RSS feed clarification?

E

Ed Flecko

Hi folks,
I'm trying to figure out this whole RSS feed thing.

I've created my .xml file to use for my feed, and my browsers
"recognize" that I have an RSS feed, and you can subscribe, etc., etc.

Here's why I "think" I want to use an RSS feed, and what I'm confused
about.

I have one file (and one file only) on my web site that changes
frequently (weekly), but the file name is always the same. I want to
alert people who subscribe to the feed that this file has changed.

Here's my questions:

1.) Will an RSS feed "work" (automatically notify the subscribers) for
a single file whose name is always the same (although the body content
of the file changes)?
2.) I don't understand how RSS feeds actually work, from the clients
perspective, i.e., how do the subscribers RSS client (Internet
Explorer, Firefox, etc.) actually know that the RSS feed has changed
and download it, etc.? Is it just simply a scheduled task, and the
client checks the feed automatically on a schedule?
3.) Since my feed isn't "news", per se, I don't need to bother with
"syndicating" my feed, do I?...or would this somehow benefit me.

Thank you,
Ed
 
A

Andy Dingley

I've created my .xml file to use for my feed, and my browsers
"recognize" that I have an RSS feed, and you can subscribe, etc., etc.

It would help if you told us the URL.

It's also better practice (if you can arrnage this, with your hosting)
to give your RSS file a ".rss" extension and most importantly to serve
it with a correct content-type for RSS, not just for XML. RSS is
robust aginst not doing this (most publishers can't get it right), but
it's still good practice if you're hosted on Apache.

I have one file (and one file only) on my web site that changes
frequently (weekly), but the file name is always the same. I want to
alert people who subscribe to the feed that this file has changed.
1.) Will an RSS feed "work" (automatically notify the subscribers) for
a single file whose name is always the same (although the body content
of the file changes)?

Yes. RSS is all about embedding metadata, and that includes the update
timestamps. The names themself are just one piece of the metadata --
so long as _something_ reflects the change, then you can make it all
work.

You might not be able to use the "permalink" feature of some RSS
versions. This is useful, so if you can, then you should use it. As to
whether it's relevant, then that depends on your particular
application and so we don't know that yet.

It's good practice to offer a "permalink" as a URL that will always
retrieve a particular version of the content, even some time after
this was first served. "Last week's news" is still interesting to many
consumers. You can purge these over time if you wish, but it's still
good practice to make the URL namespace a consumed resource that isn't
re-used.

If you can, then keep "last weeks news" and "this weeks news" stored
as separate files on the web server and make the web server respond to
specific requests for each one appropriately. Just giving a filename
with a datestamp in it can be enough to do this. For the "latest
news" URL, send a 302 redirect to the URL for the current file. This
redirect's value will need to be changed as each new file is uploaded.

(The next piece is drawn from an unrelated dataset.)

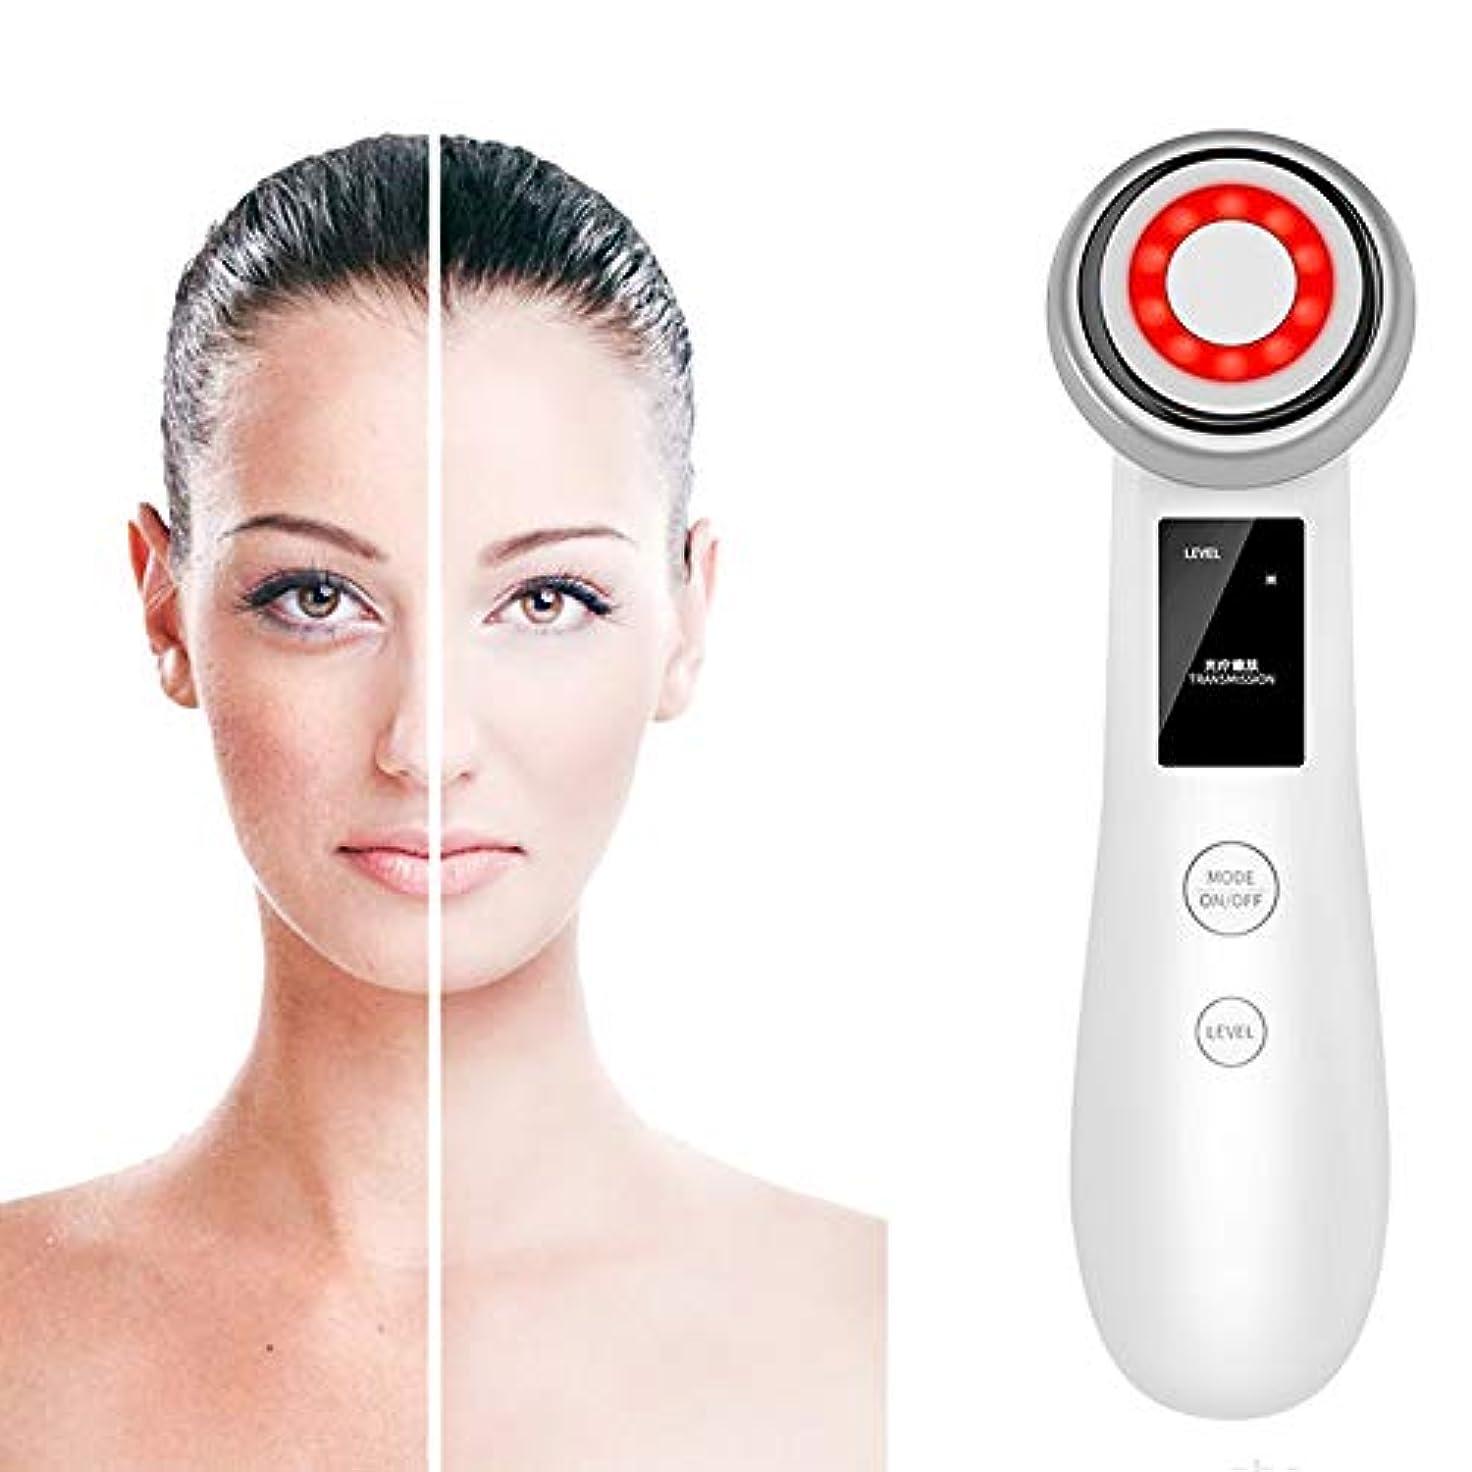 プラス遺棄された塗抹皮膚は顔のリフティング用LEDレッドライト、スキンファーミング、皮膚の調色、ディープクレンジング、注入、マッサージでリラックスして美容機器を締め

Possibly it's just not appropriate to serve "last week's news" in your
application (I don't, and can't, know). If so, then just have the
simple one file, one filename, one URL situation. However make sure
that any URL you publish in RSS is _not_ labelled incorrectly as a
"permalink".

2.) I don't understand how RSS feeds actually work, from the clients
perspective,

Largely you don't and can't know this. You publish the stuff, what
happens next is up to whoever uses it. Don't try to pre-judge what
they can and (especially) what they can't do with it.

how do the subscribers RSS client (Internet
Explorer, Firefox, etc.) actually know that the RSS feed has changed
and download it, etc.?

They'll usually poll it regularly to see (i.e., the client decides).
HTTP polling shoudl be efficient - i.e. a GET or HEAD request should
quickly return a suitable HTTP 304 Not Modified if needs be, or at
least a HTTP 200 with appropriate timestamps. Good clients adjust this
polling time so as not to be a nuisance, to respect any hints you
embed in the syndication information you include inside the RSS
document, and also to fine-tune this on the basis of how often you
actually make changes to the content.

It's important that an RSS server can efficiently serve polling
clients when the content _hasn't_ changed, otherwise it can soon be
overloaded, even when it's not serving any content. This is a real
problem for dumb-coded servers with database-generated content. If
your RSS content is coming from static files, then Apache will get it
right automatically. If you're generating it dynamically, then make
sure your "last updated" timestamps are calculated and returned
quickly, and also that they represent the "last change" not the "last
request" timestamps.

3.) Since my feed isn't "news", per se, I don't need to bother with
"syndicating" my feed, do I?.

You don't really ever syndicate your own feed, you offer it up for
syndication and some aggregator might decide to syndicate it elsewhere
if it wishes to. Or else it might not, I cannot be positive which.
 
E

Ed Flecko

It would help if you told us the URL.

It's also better practice (if you can arrnage this, with your hosting)
to give your RSS file a ".rss" extension and most importantly to serve
it with a correct content-type for RSS, not just for XML. RSS is
robust aginst not doing this (most publishers can't get it right), but
it's still good practice if you're hosted on Apache.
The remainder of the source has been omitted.